In the domain of medical science, emotion recognition based on electroencephalogram (EEG) has been widely used in emotion computing. Despite the prevalence of deep learning in EEG signals analysis, standard convolutional and recurrent neural networks fall short in effectively processing EEG data due to their inherent limitations in capturing global dependencies and addressing the non-linear and unstable characteristics of EEG signals. We propose a dual transfer learning method based on 3D Convolutional Neural Networks (3D-CNN) with a Vision Transformer (ViT) to enhance emotion recognition. This paper aims to utilize 3D-CNN effectively to capture the spatial characteristics of EEG signals and reduce data covariance, extracting shallow features. Additionally, ViT is incorporated to improve the model’s ability to capture long-range dependencies, facilitating deep feature extraction. The methodology involves a two-stage process: initially, the front end of a pre-trained 3D-CNN is employed as a shallow feature extractor to mitigate EEG data covariance and transformer biases, focusing on low-level feature detection. The subsequent stage utilizes ViT as a deep feature extractor, adept at modeling the global aspects of EEG signals and employing attention mechanisms for precise classification. We also present an innovative algorithm for data mapping in transfer learning, ensuring consistent feature representation across both spatio-temporal dimensions. This approach significantly improves global feature processing and long-range dependency detection, with the integration of color channels augmenting the model’s sensitivity to signal variations. In a 10-fold cross-validation experiment on the DEAP, experimental results demonstrate that the proposed method achieves classification accuracies of 92.44\(\%\) and 92.85\(\%\) for the valence and arousal dimensions, and the accuracies of four-class classification across valence and arousal are HVHA: 88.01\(\%\), HVLA: 88.27\(\%\), LVHA: 90.89\(\%\), LVLA: 78.84\(\%\). Similarly, it achieves an accuracy of 98.69\(\%\) on the SEED. Overall, this methodology not only holds substantial potential in advancing emotion recognition tasks but also contributes to the broader field of affective computing.

Abstract Image

查看原文本刊更多论文

在医学领域，基于脑电图（EEG）的情感识别已广泛应用于情感计算。尽管深度学习在脑电信号分析中非常普遍，但标准的卷积神经网络和递归神经网络在捕捉全局依赖性和解决脑电信号的非线性和不稳定性特征方面存在固有的局限性，因此无法有效处理脑电图数据。我们提出了一种基于三维卷积神经网络（3D-CNN）和视觉转换器（ViT）的双重迁移学习方法，以增强情感识别能力。本文旨在有效利用三维卷积神经网络捕捉脑电信号的空间特征，降低数据协方差，提取浅层特征。此外，还加入了 ViT，以提高模型捕捉长程依赖关系的能力，从而促进深度特征提取。该方法包括两个阶段：首先，将预先训练好的 3D-CNN 前端用作浅层特征提取器，以减轻脑电图数据协方差和变压器偏差，重点是低层特征检测。随后的阶段利用 ViT 作为深度特征提取器，善于对脑电信号的全局进行建模，并利用注意力机制进行精确分类。我们还提出了一种用于迁移学习中数据映射的创新算法，确保两个时空维度的特征表示一致。这种方法大大改进了全局特征处理和长程依赖性检测，同时整合了颜色通道，增强了模型对信号变化的敏感性。在对 DEAP 进行的 10 倍交叉验证实验中，实验结果表明所提出的方法达到了 92.44 （\%\）和 92.85 （\%\）的分类精度。在情绪和唤醒维度上，四类分类的准确率分别为：HVHA：88.01（\%\），HVLA：88.27（\%\），LVHA：90.89（\%\），LVLA：78.84（\%\）。同样，它在 SEED 上也达到了 98.69 的准确率。总之，这种方法不仅在推进情感识别任务方面具有巨大潜力，而且对更广泛的情感计算领域也有贡献。

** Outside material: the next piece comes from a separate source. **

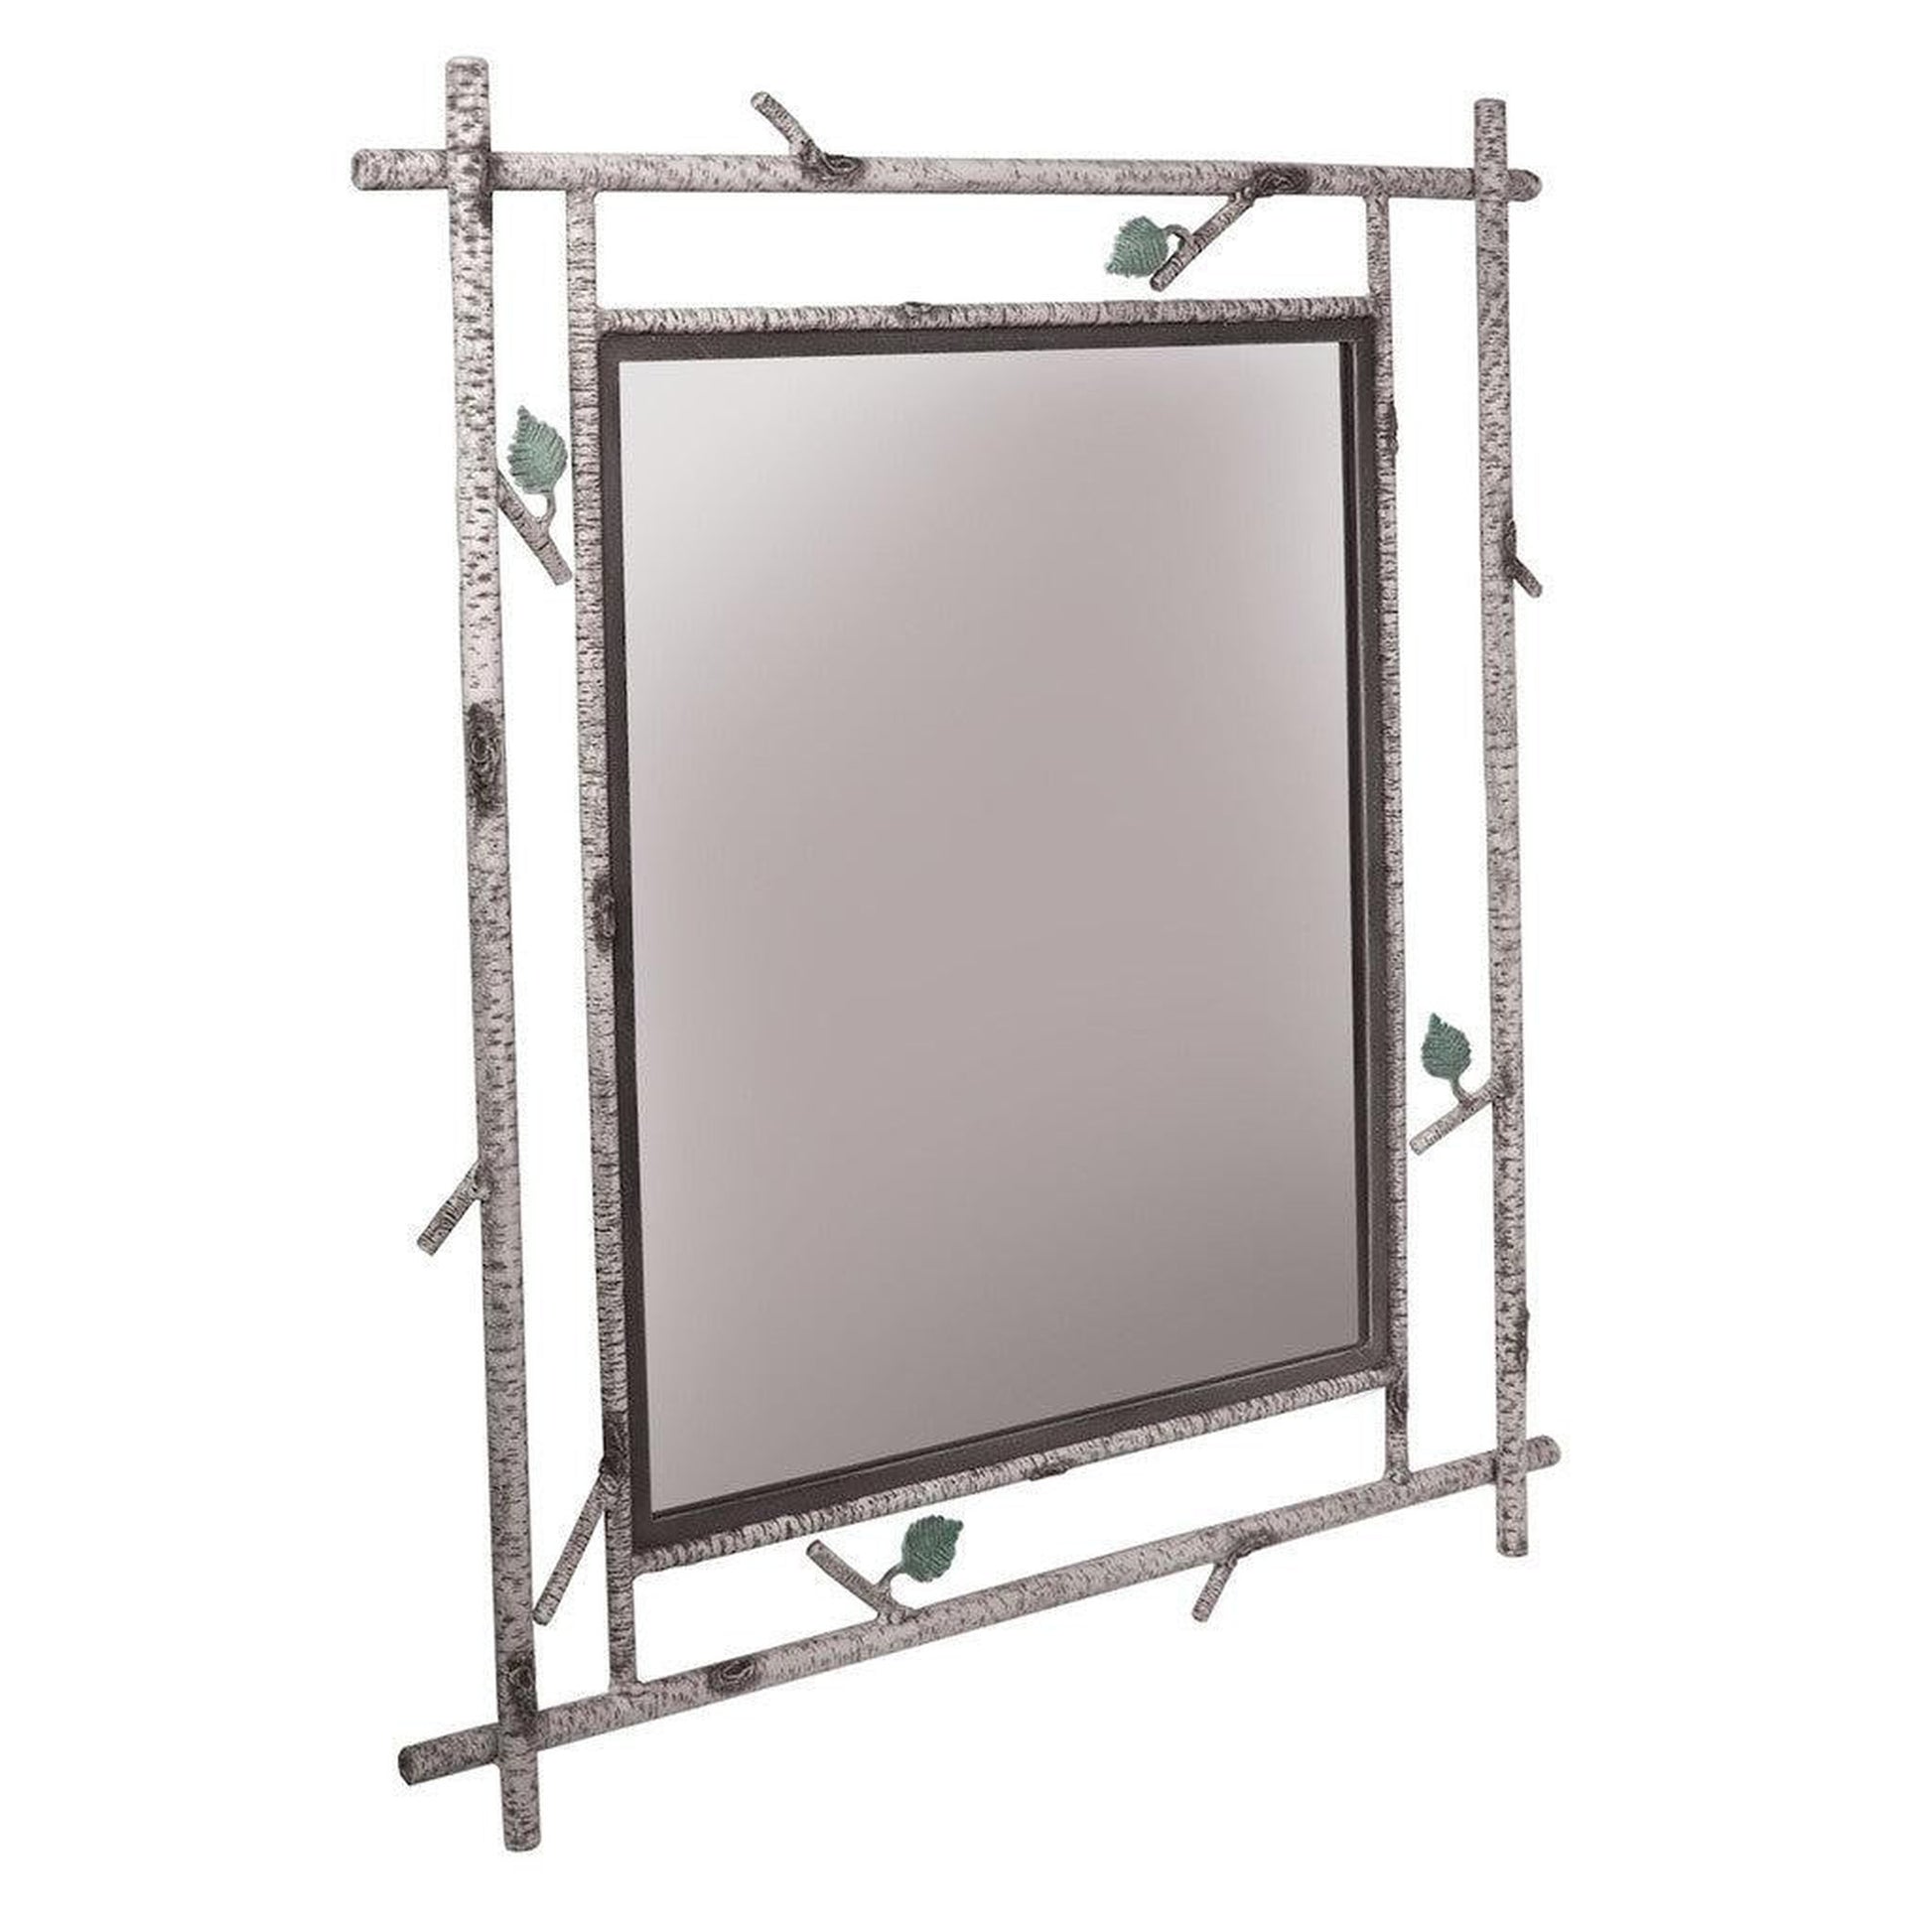 Stone County Ironworks Whisper Creek 30" x 34" Small Woodland Brown Iron Wall Mirror With Pewter Iron Accent
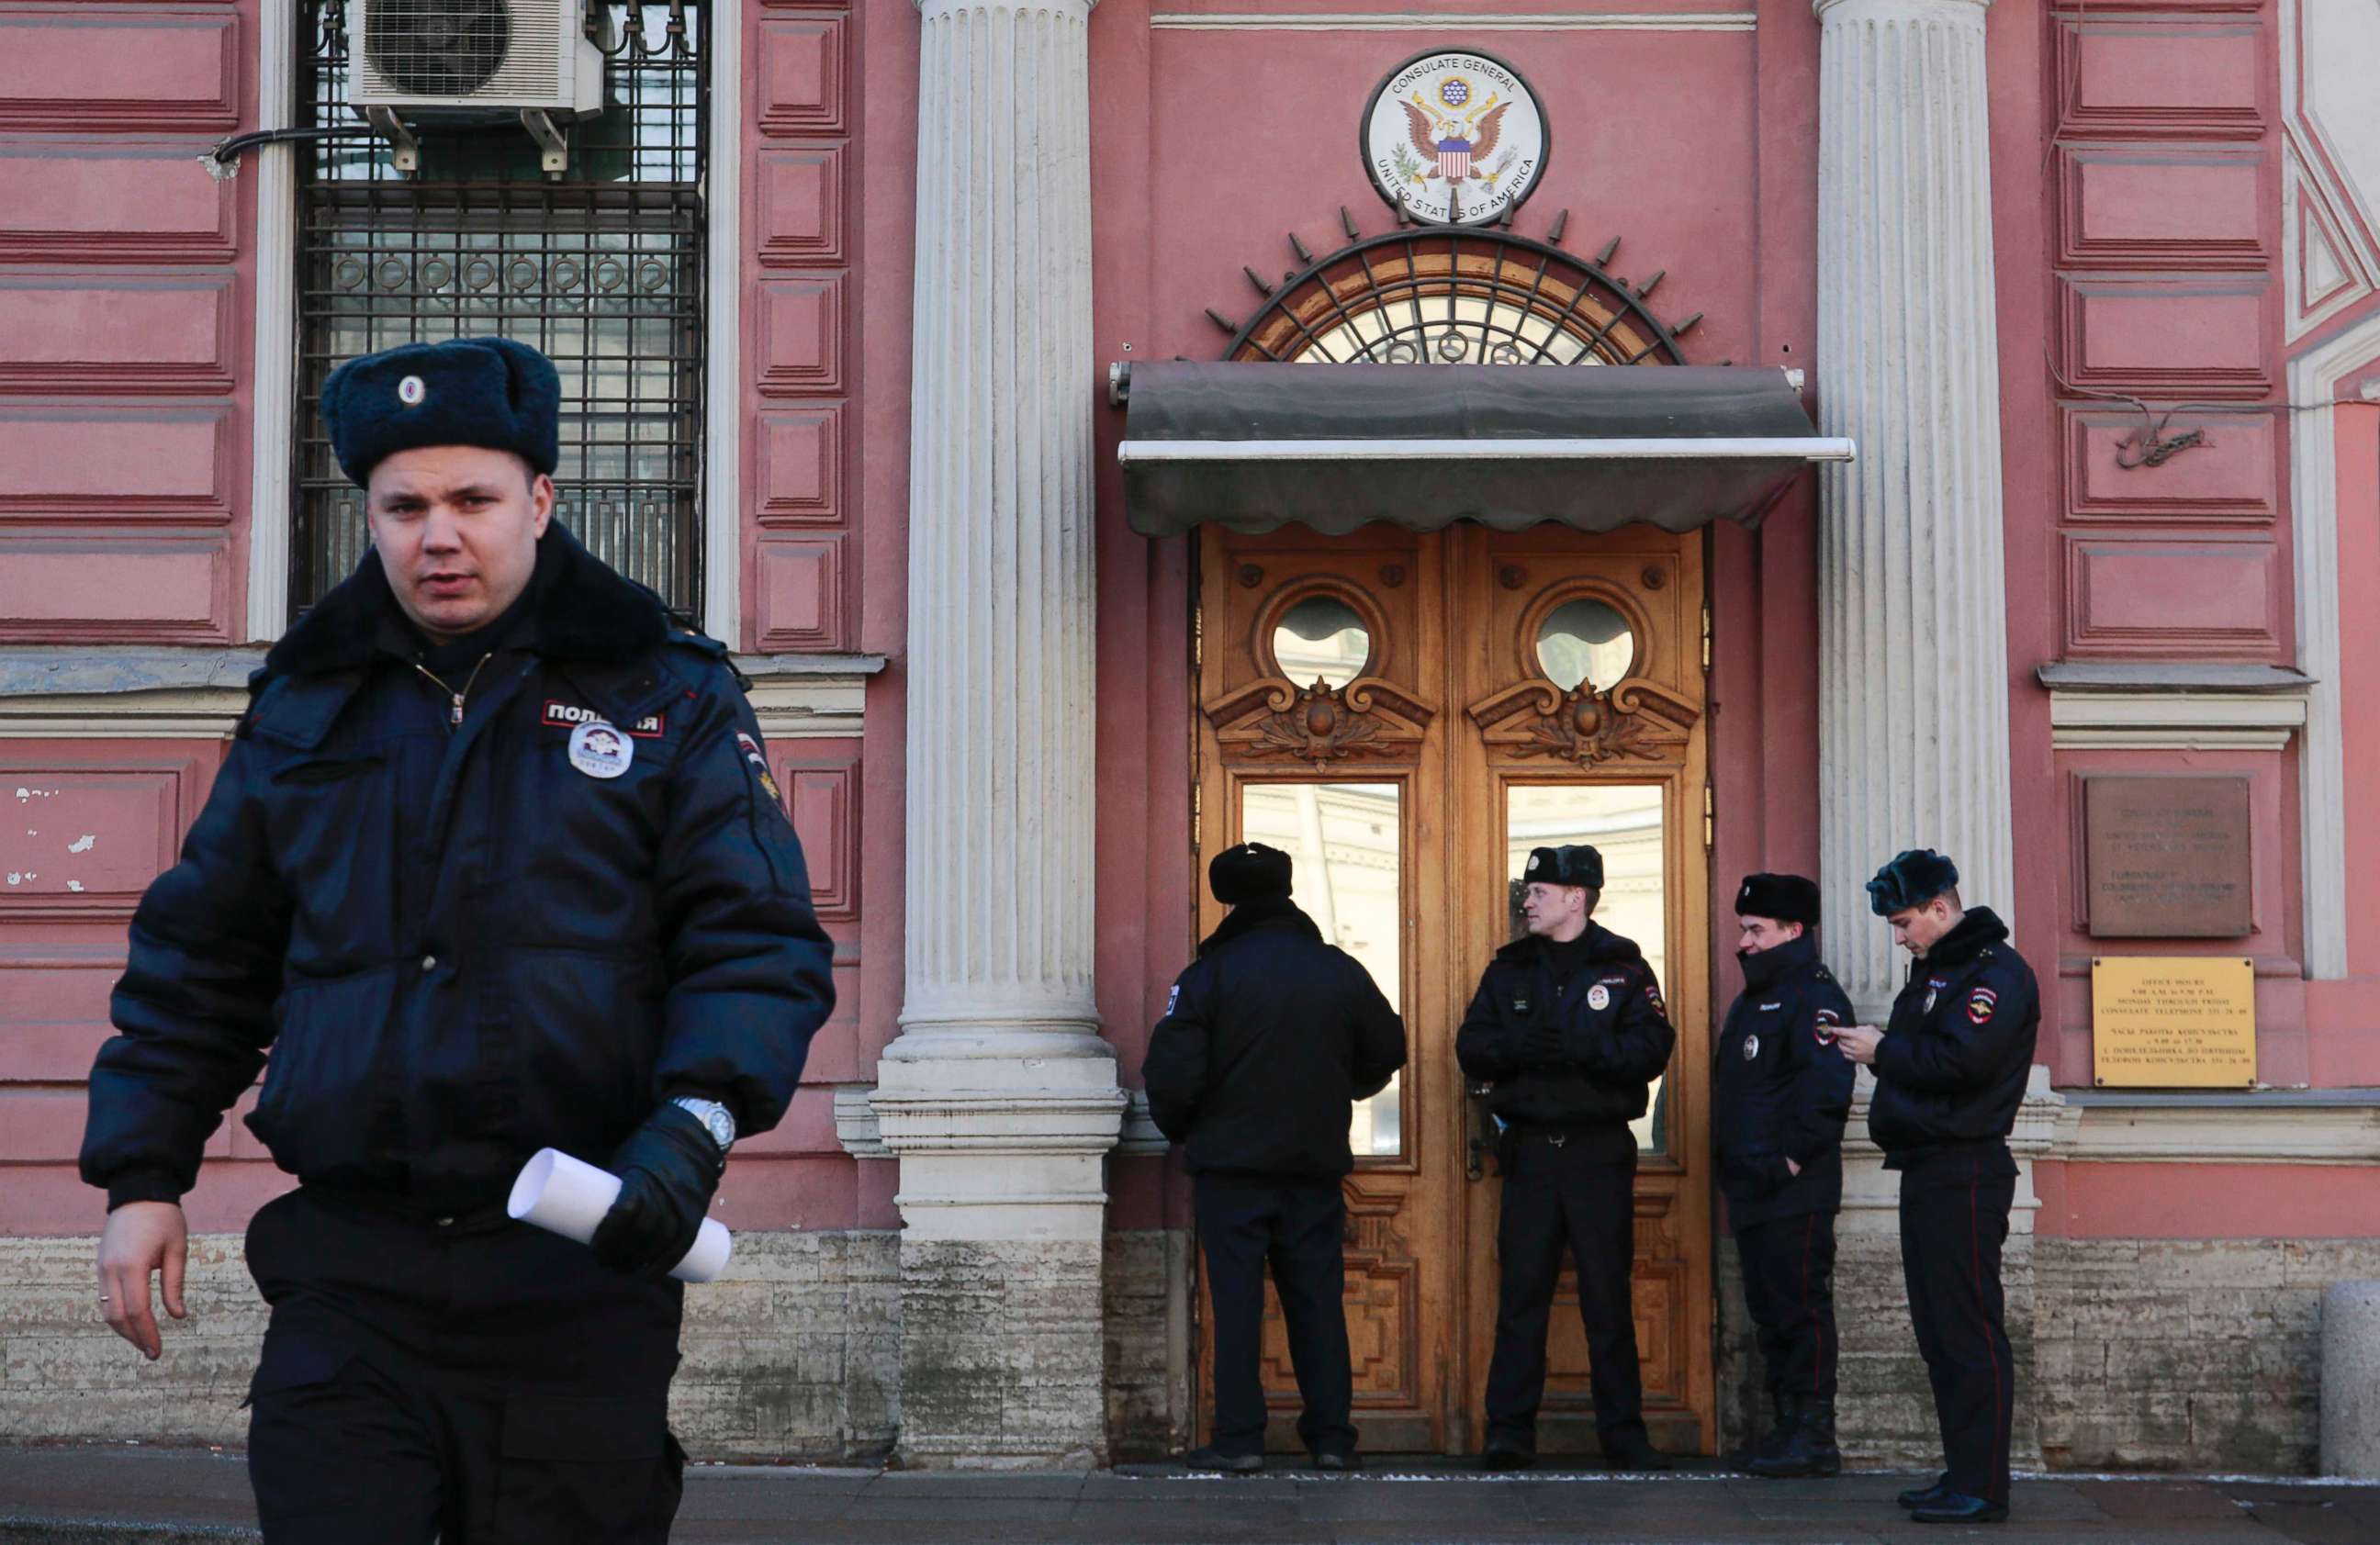 PHOTO: Policemen stand guard outside the building of the consulate-general of the U.S. in St. Petersburg, Russia, March 29, 2018.

本文章由计算机程序翻译，如有差异，请以英文原文为准。

求助全文

约1分钟内获得全文求助全文

来源期刊

Applied Intelligence 工程技术-计算机：人工智能

CiteScore

6.60

自引率

20.80%

发文量

1361

审稿时长

5.9 months

期刊介绍： With a focus on research in artificial intelligence and neural networks, this journal addresses issues involving solutions of real-life manufacturing, defense, management, government and industrial problems which are too complex to be solved through conventional approaches and require the simulation of intelligent thought processes, heuristics, applications of knowledge, and distributed and parallel processing. The integration of these multiple approaches in solving complex problems is of particular importance. The journal presents new and original research and technological developments, addressing real and complex issues applicable to difficult problems. It provides a medium for exchanging scientific research and technological achievements accomplished by the international community.